Intensive Replacement of Basal Insulin in Patients With Type 1 Diabetes Given Rapid-Acting Insulin Analog at Mealtime
A 3-month comparison between administration of NPH insulin four times daily and glargine insulin at dinner or bedtime
- Paolo Rossetti, MD,
- Simone Pampanelli, MD,
- Carmine Fanelli, MD,
- Francesca Porcellati, MD,
- Emanuela Costa, MD,
- Elisabetta Torlone, MD,
- Luciano Scionti, MD and
- Geremia B. Bolli, MD
- From the Section of Internal Medicine, Endocrinology and Metabolism, University of Perugia, Perugia, Italy
OBJECTIVE—To establish differences in blood glucose between different regimens of optimized basal insulin substitution in type 1 diabetic patients given lispro insulin at meals, i.e., NPH injected four times a day versus glargine insulin once daily at dinner or at bedtime.
RESEARCH DESIGN AND METHODS—A total of 51 patients with type 1 diabetes on intensive therapy (NPH four times/day and lispro insulin at each meal) were randomized to three different regimens of basal insulin substitution while continuing lispro insulin at meals: continuation of NPH four times/day (n = 17), once daily glargine at dinnertime (n = 17), and once daily glargine at bedtime (n = 17) for 3 months. Blood glucose targets were fasting, preprandial, and bedtime concentrations at 6.4–7.2 mmol/l and 2 h after meals at 8.0–9.2 mmol/l. The primary end point was HbA1c.

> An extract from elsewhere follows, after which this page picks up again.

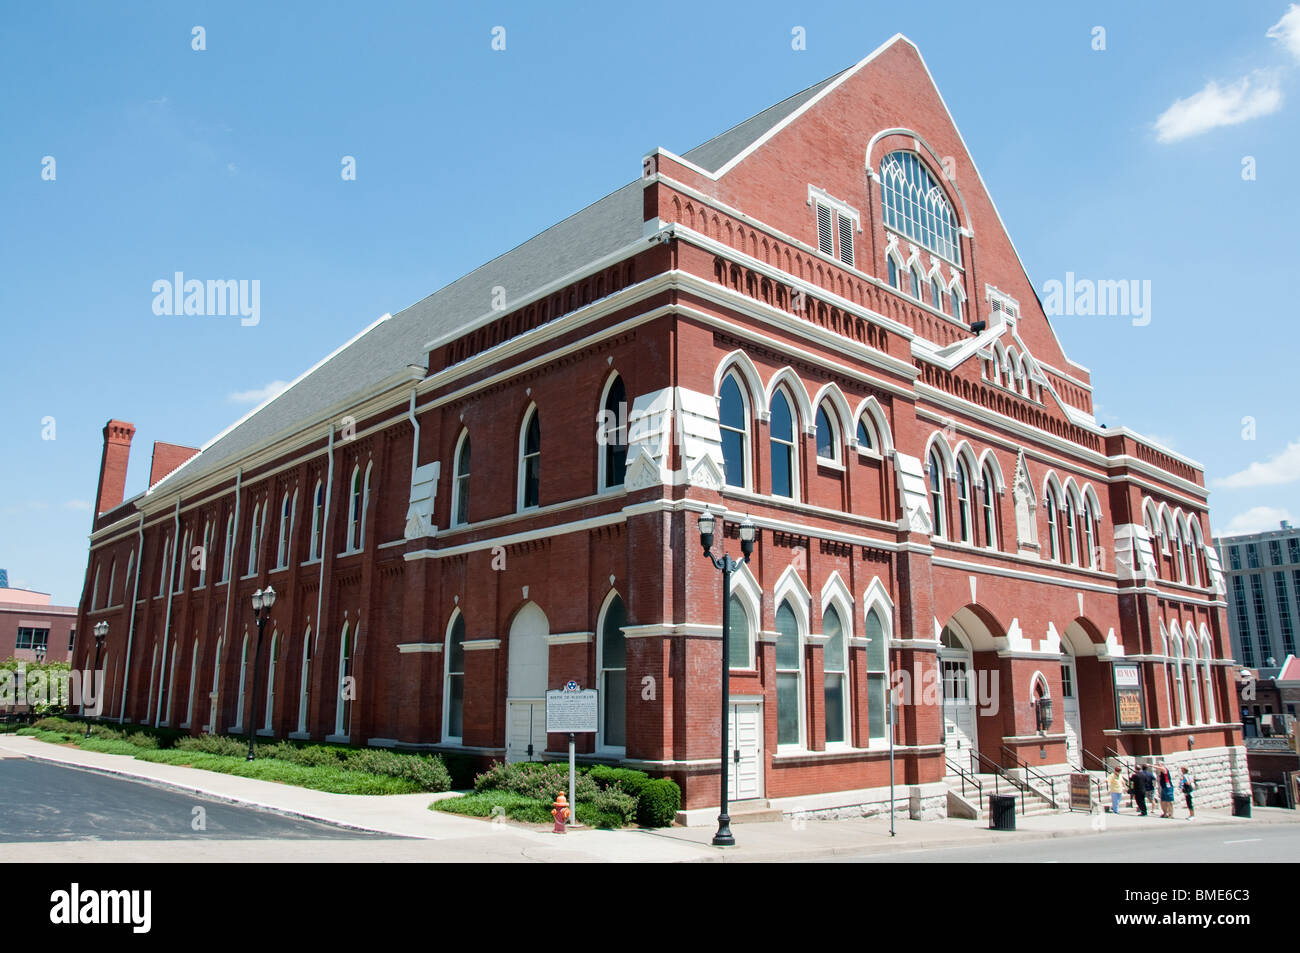 Outside view of Ryman Auditorium in Nashville, Tennessee Stock Photo

RESULTS—Mean daily blood glucose was lower with dinnertime glargine (7.5 ± 0.2 mmol/l) or bedtime glargine (7.4 ± 0.2 mmol/l) versus NPH (8.3 ± 0.2 mmol/l) (P < 0.05). A greater percentage of blood glucose values were at the target value with glargine at dinner and bedtime versus those with NPH (P < 0.05). HbA1c at 3 months did not change with NPH but decreased with glargine at dinnertime (from 6.8 ± 0.2 to 6.4 ± 0.1%) and glargine at bedtime (from 7.0 ± 0.2 to 6.6 ± 0.1%) (P < 0.04 vs. NPH). Total daily insulin doses were similar with the three treatments, but with glargine there was an increase in basal and a decrease in mealtime insulin requirements (P < 0.05). Frequency of mild hypoglycemia (self-assisted episodes, blood glucose ≤4.0 mmol/l) was lower with glargine (dinnertime 8.1 ± 0.8 mmol/l, bedtime 7.7 ± 0.9 mmol/l) than with NPH (12.2 ± 1.3 mmol/l) (episodes/patient-month, P < 0.04). In-hospital profiles confirmed outpatient blood glucose data and indicated more steady plasma insulin concentrations at night and before meals with glargine versus NPH (P < 0.05). There were no differences between glargine given at dinnertime and at bedtime.

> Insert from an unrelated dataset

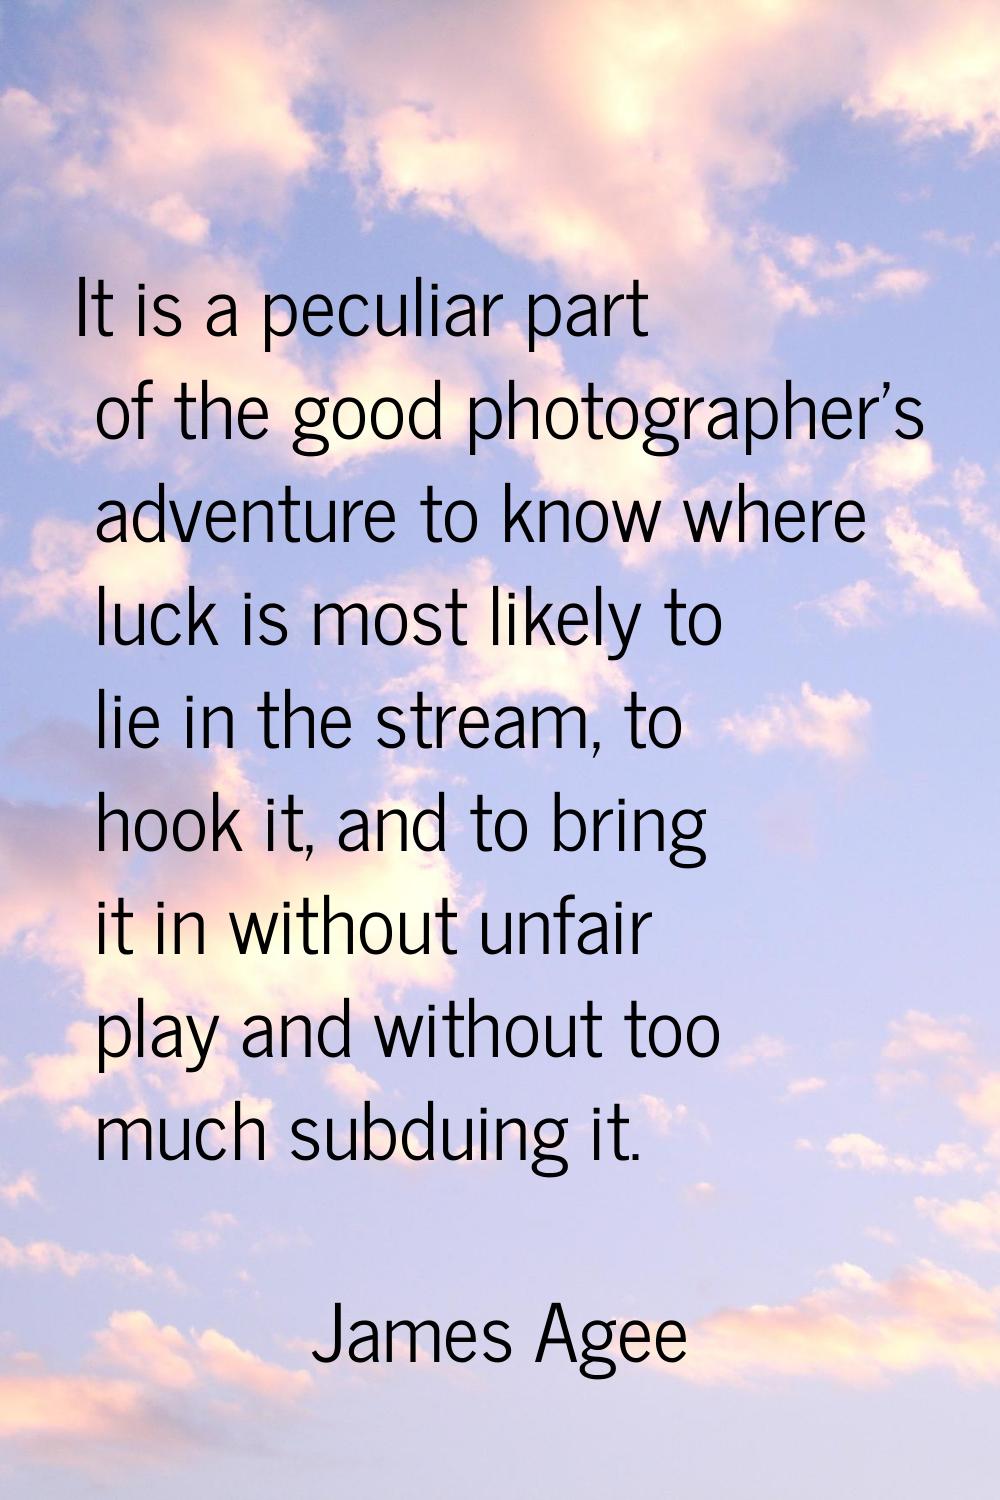 It is a peculiar part of the good photographer's adventure to know where luck is most likely to lie

CONCLUSIONS—Regimens of basal insulin with either NPH four times/day or glargine once/day in type 1 diabetic patients both result in good glycemic control. However, the simpler glargine regimen decreases the HbA1c level and frequency of hypoglycemia versus NPH. In contrast to NPH, which should be given at bedtime, insulin glargine can be administered at dinnertime without deteriorating blood glucose control.

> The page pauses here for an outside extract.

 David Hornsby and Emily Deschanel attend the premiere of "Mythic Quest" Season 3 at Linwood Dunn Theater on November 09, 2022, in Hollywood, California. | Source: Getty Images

Address correspondence and reprint requests to Geremia B. Bolli, MD, Section of Internal Medicine, Endocrinology and Metabolism, University of Perugia, Department of Internal Medicine, Via E. Dal Pozzo, I-06126 Perugia, Italy. E-mail:.
Received for publication 30 October 2002, and accepted in revised form 2 February 2003.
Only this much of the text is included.